Last year, UFI’s farm operation sold some 13,000 pounds of vegetables, including 3,500 pounds of tomatoes and 1,000 pounds of peppers, at farmers’ markets and to high-end restaurants. At the height of the summer season, UFI farms supply up to a dozen local restaurants with custom salad mixes, collard greens, kale, tomatoes, herbs and other produce.

Soon, UFI will begin offering farmers in the community leased urban farmland at a reasonable rate through a newly formed community land trust.

Spence, who exudes youthful energy and vivaciousness, is a hard-nosed manager, a practical life counselor and a tireless administrator. Her pastor at Jamaica Plain’s Bethel A.M.E. Church calls her a “pothole filler,” someone who when she sees shortcomings in the community, repairs them. “I’m always looking for the holes,” she says. “Nine times out of 10, it involves people.”

She lives in her childhood home with her son and her 88-year-old mother. She attended the Shady Hill School, in Cambridge, and Milton Academy before enrolling at Brandeis, where she majored in African and Afro-American studies, and minored in political science.

A photo of Patty Spence's hands holding dirt.
Mike Lovett

“Brandeis gave me the ability to gain all these academic skills, as well as the opportunity to bring diverse people together,” Spence says. She was instrumental in bringing Harvard Law’s Charles Ogletree to campus to speak, and she helped create the Third World Program coordinator position to foster greater understanding among students.

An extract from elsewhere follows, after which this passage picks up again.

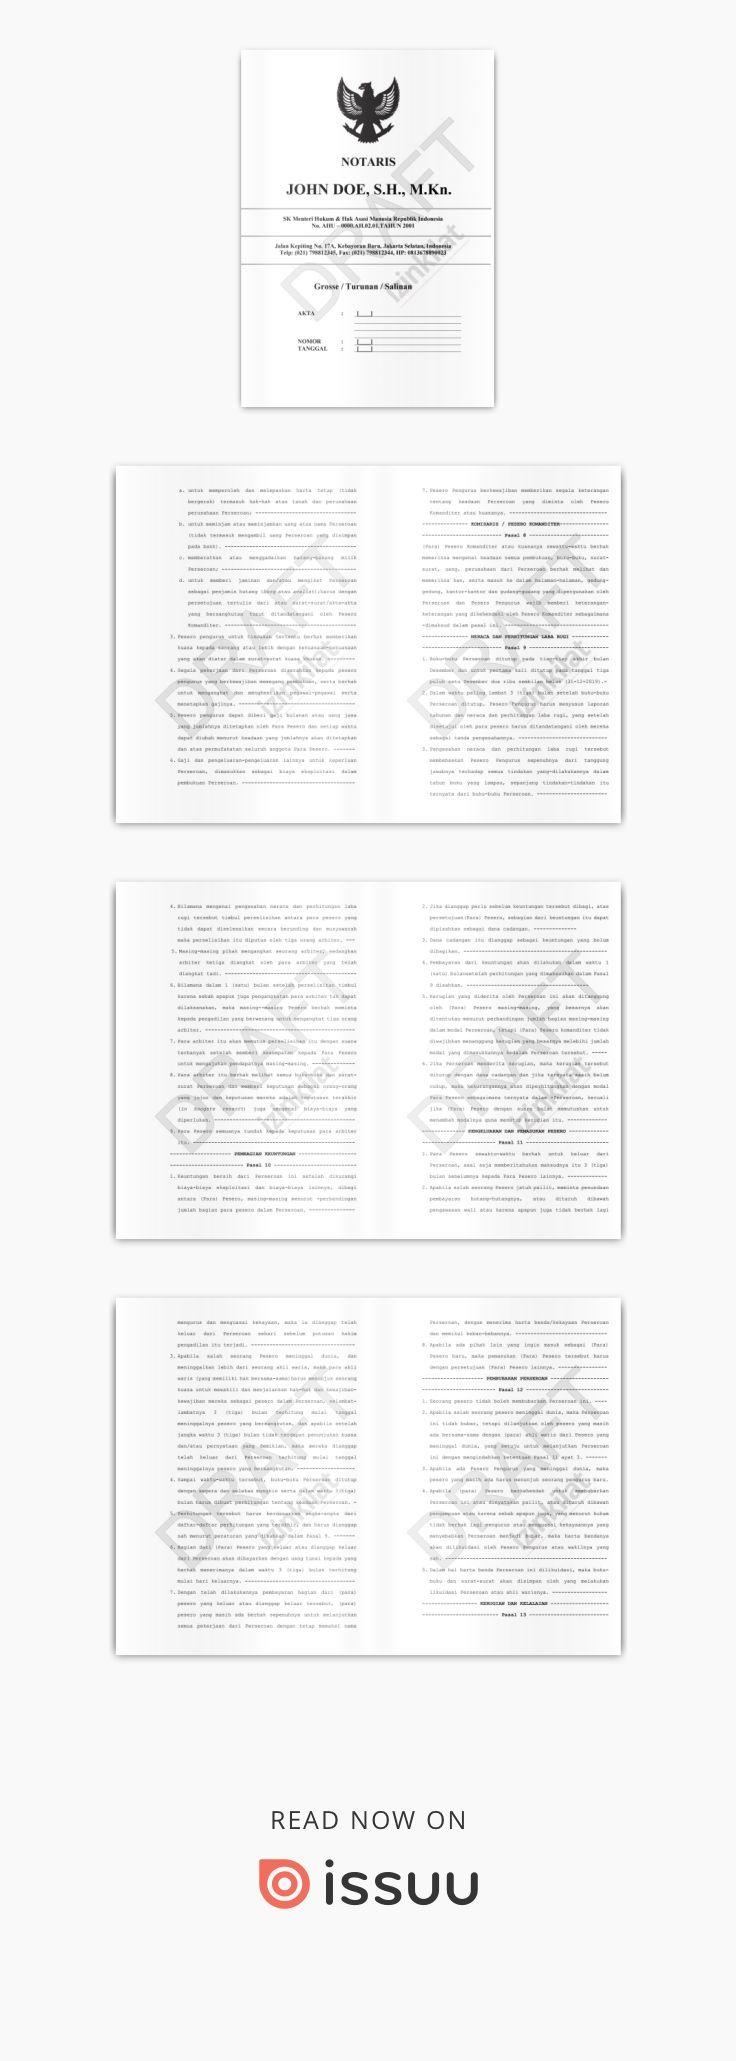 Contoh Akta Pendirian Cv Akta Notaris Cv Template Akta Cv Template Buku Tanggal

After graduation, Spence donned a power suit and pumps, and went to work as a major-accounts representative — a “hard-core salesman,” as she explains it — at Xerox and Digital Equipment Corporation. Fifteen years and two children later, she needed to step back from her demanding corporate career. As a divorced single mother, she wanted a job with greater flexibility, one that would give her more time at home. She went to work for the Boston Public Schools in a variety of positions and started a nonprofit that brings speakers into fifth-grade classes at three schools.

Spence was recruited to lead UFI in 2014 because of her blend of corporate, community, fundraising and marketing skills. Her style is earthy and grounded, practical and professional. Spending an afternoon touring the UFI farms with her is like catching up with an old friend you haven’t seen in years — the conversation is easy, full of laughs and personal history.

It’s no surprise, then, that warmth and compassion are UFI’s trademarks. Trainees often enter the program with a back story filled with struggle. “So we create a family for them,” Spence says. “We never know who will join the farmer training program, and we are here to help our people. We create an atmosphere of sharing and feeling OK about it.”

Each year, the nonprofit trains 30 city residents in its nine-week program, then selects eight to 10 students for a 20-week urban farming program, which covers everything from entrepreneurship and integrated pest management to beekeeping and composting. By the end of the program, participants have developed a business plan for becoming a farm manager, an entrepreneur or some other urban agriculture professional. Each summer, 500 volunteers from around the city help out for as little as a day or as long as the season — weeding, harvesting and otherwise getting into the dirt.

On this warm early-summer day in Mattapan, Spence is out on the sidewalk, chatting up a passerby like she’s known him forever. She tells him about the activities happening at the Fowler-Clark-Epstein Farm and invites him to an upcoming UFI barbecue. He’s the fourth or fifth person who’s stopped to talk over the past couple of hours. Each one has been invited to explore the farm.

It’s all part of Spence’s most important job: growing people.